COLUMBUS, Ohio (Reuters) - Democratic presidential contender Joe Biden questioned surging rival Elizabeth Warren’s credibility on Wednesday, accusing her of failing to be open with voters about how she would pay for her ambitious Medicare for All healthcare proposal.
Biden said it was “about time” that Warren, who has been steadily rising in opinion polls of the Democratic White House race for two months, face scrutiny on her plan for a government-run healthcare system.
“She’s going to have to tell the truth, or the question will be raised about whether or not she’s going to be candid and honest with the American people,” Biden told reporters in Columbus, Ohio.
His comments came the day after a Democratic debate marked by repeated attacks on Warren by her more moderate White House rivals that exposed the party’s divisions on issues like healthcare and taxes.
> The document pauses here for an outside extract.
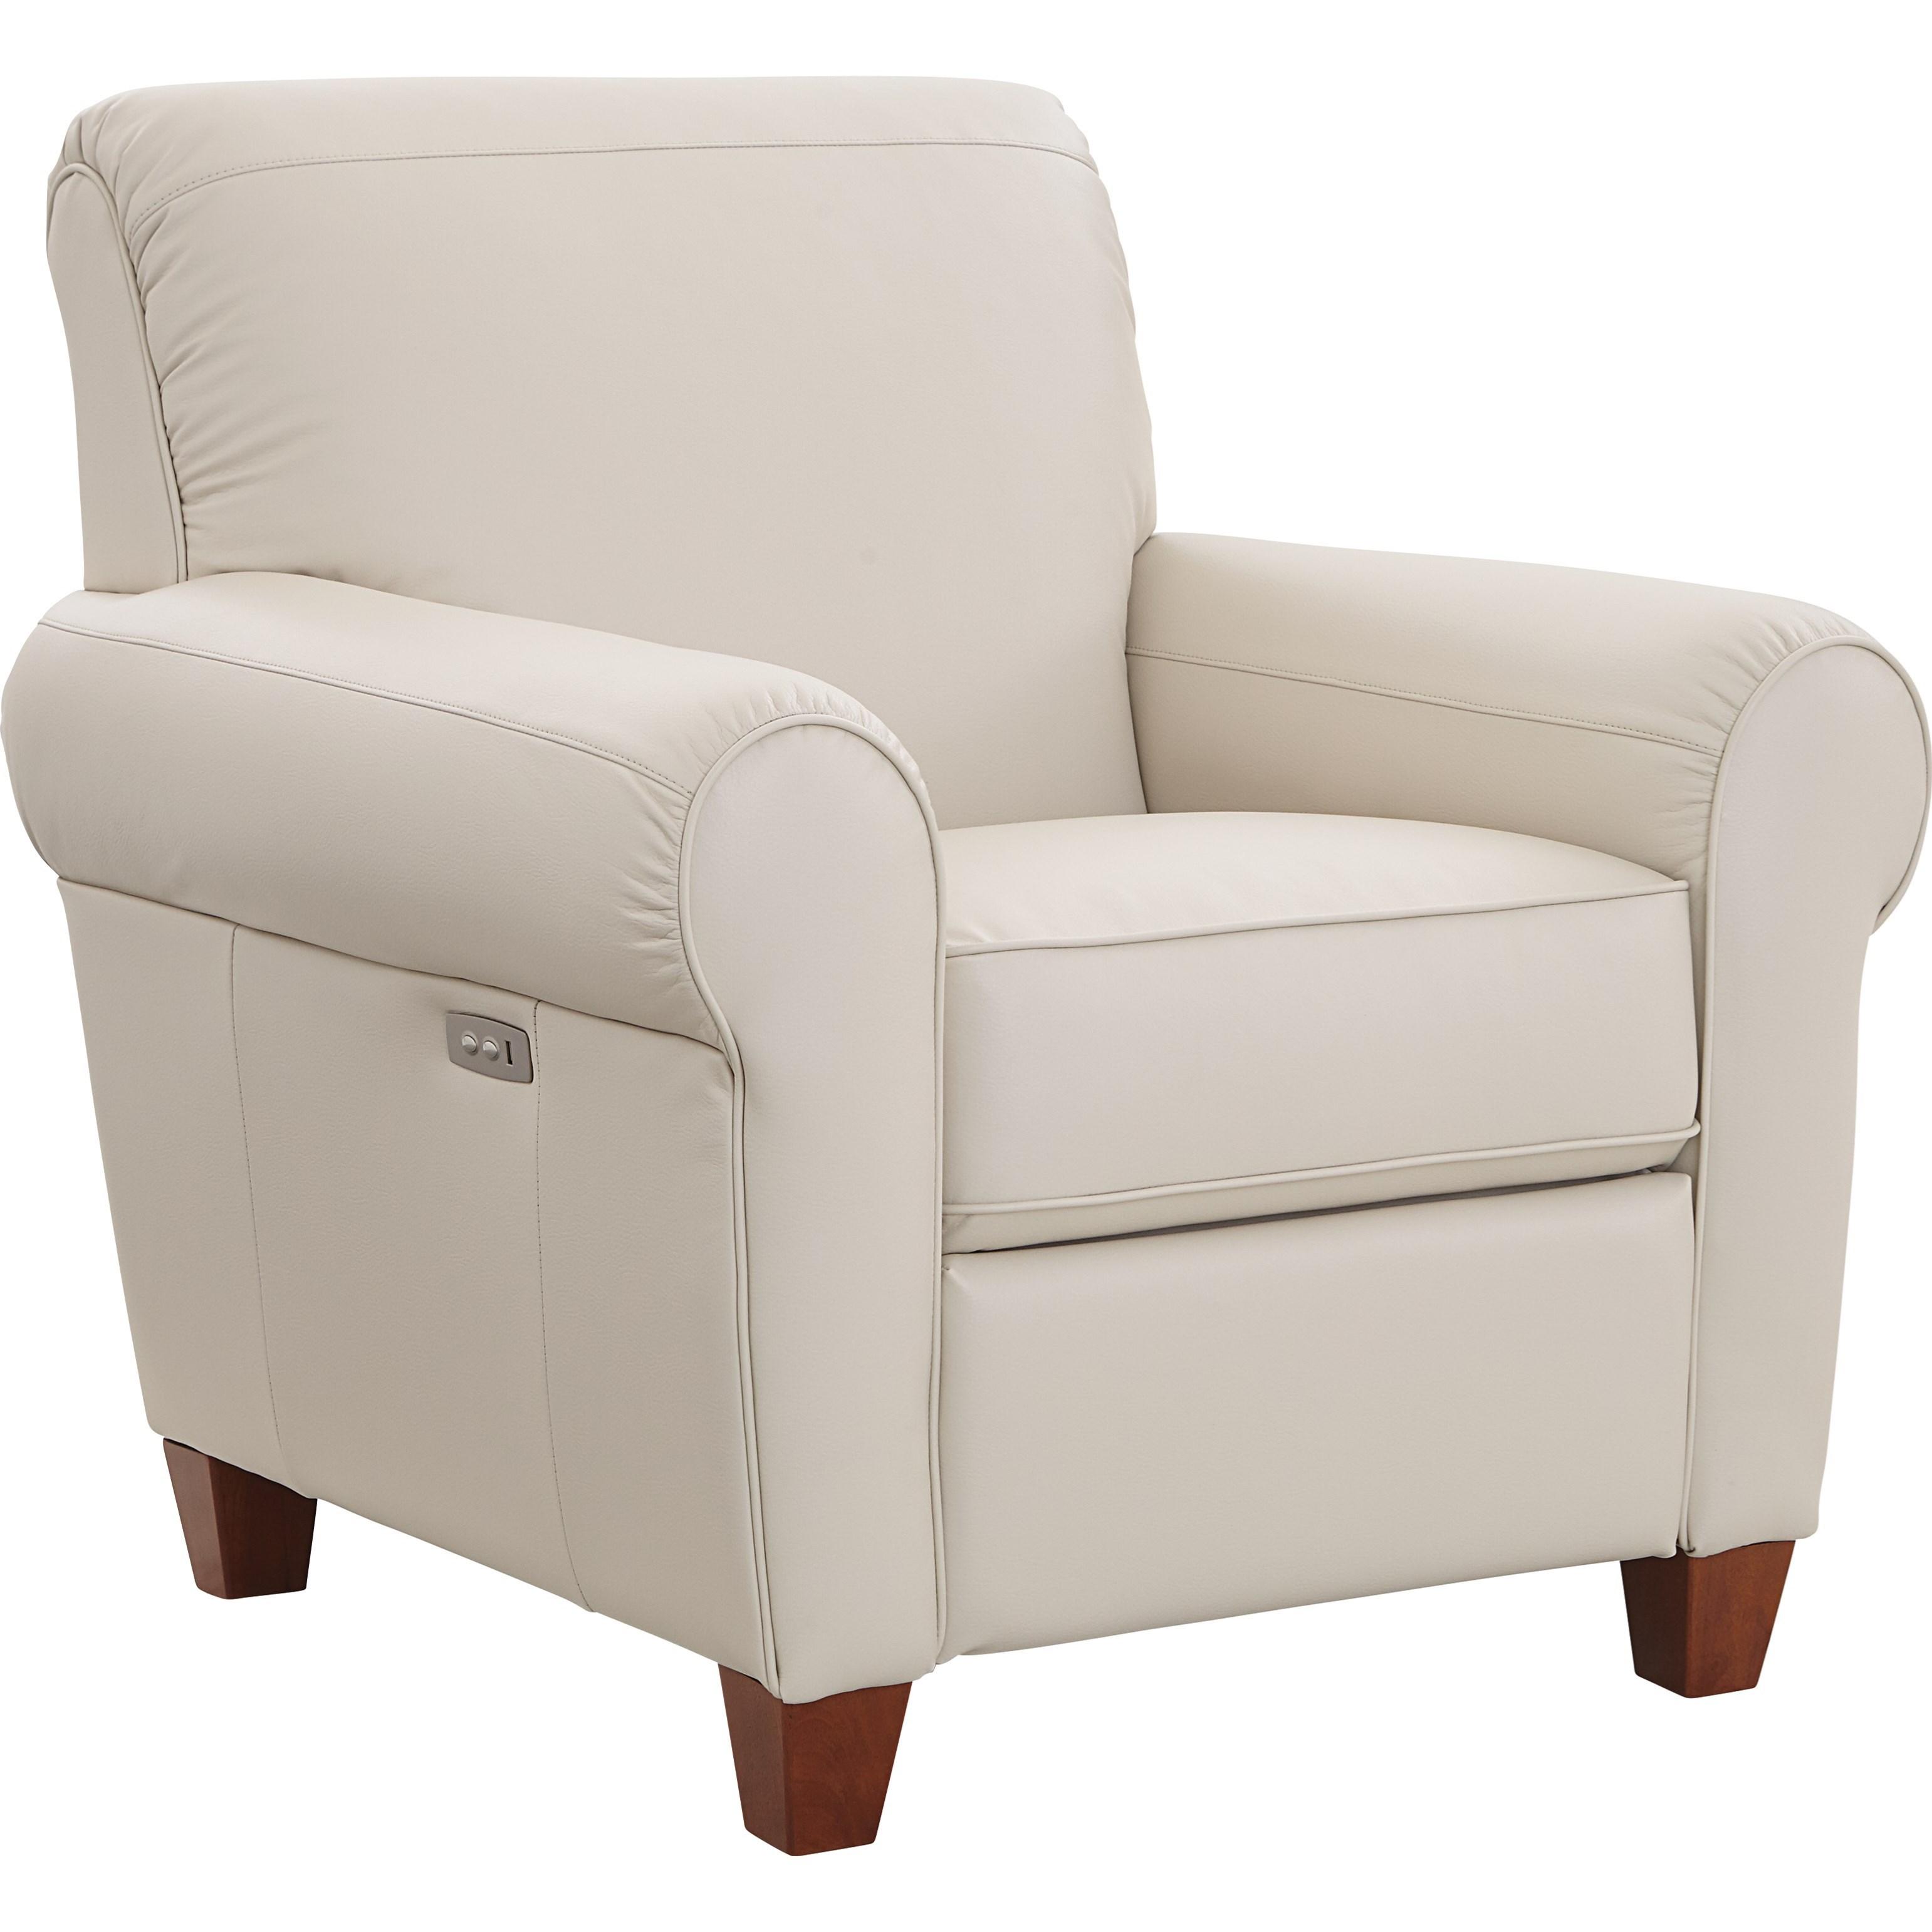 Bennett Duo™Reclining Chair by La-Z-Boy at Jordan's Home Furnishings

Warren has risen in the past month into a virtual tie with Biden, the former vice president, atop polls to pick a challenger to Republican President Donald Trump in the November 2020 election.
In Tuesday’s debate in Ohio, moderates Pete Buttigieg, the mayor of South Bend, Indiana, and U.S. Senator Amy Klobuchar aggressively challenged Warren to explain how she would pay for ambitious proposals including the Medicare for All plan based on the government-run insurance system for Americans aged 65 and older.
Warren, a U.S. senator from Massachusetts and a leading progressive voice in the party, stayed calm under the attacks as she described her proposals to end income inequality and level the economic playing field for workers.
But Warren did not directly respond to questions about whether she would raise taxes for the healthcare plan, although she said she would not sign any bill that does not lower healthcare costs for middle-class families.
“I have made clear what my principles are here, and that is that costs will go up for the wealthy and for big corporations and, for hard-working middle-class families, costs will go down,” Warren said in the debate.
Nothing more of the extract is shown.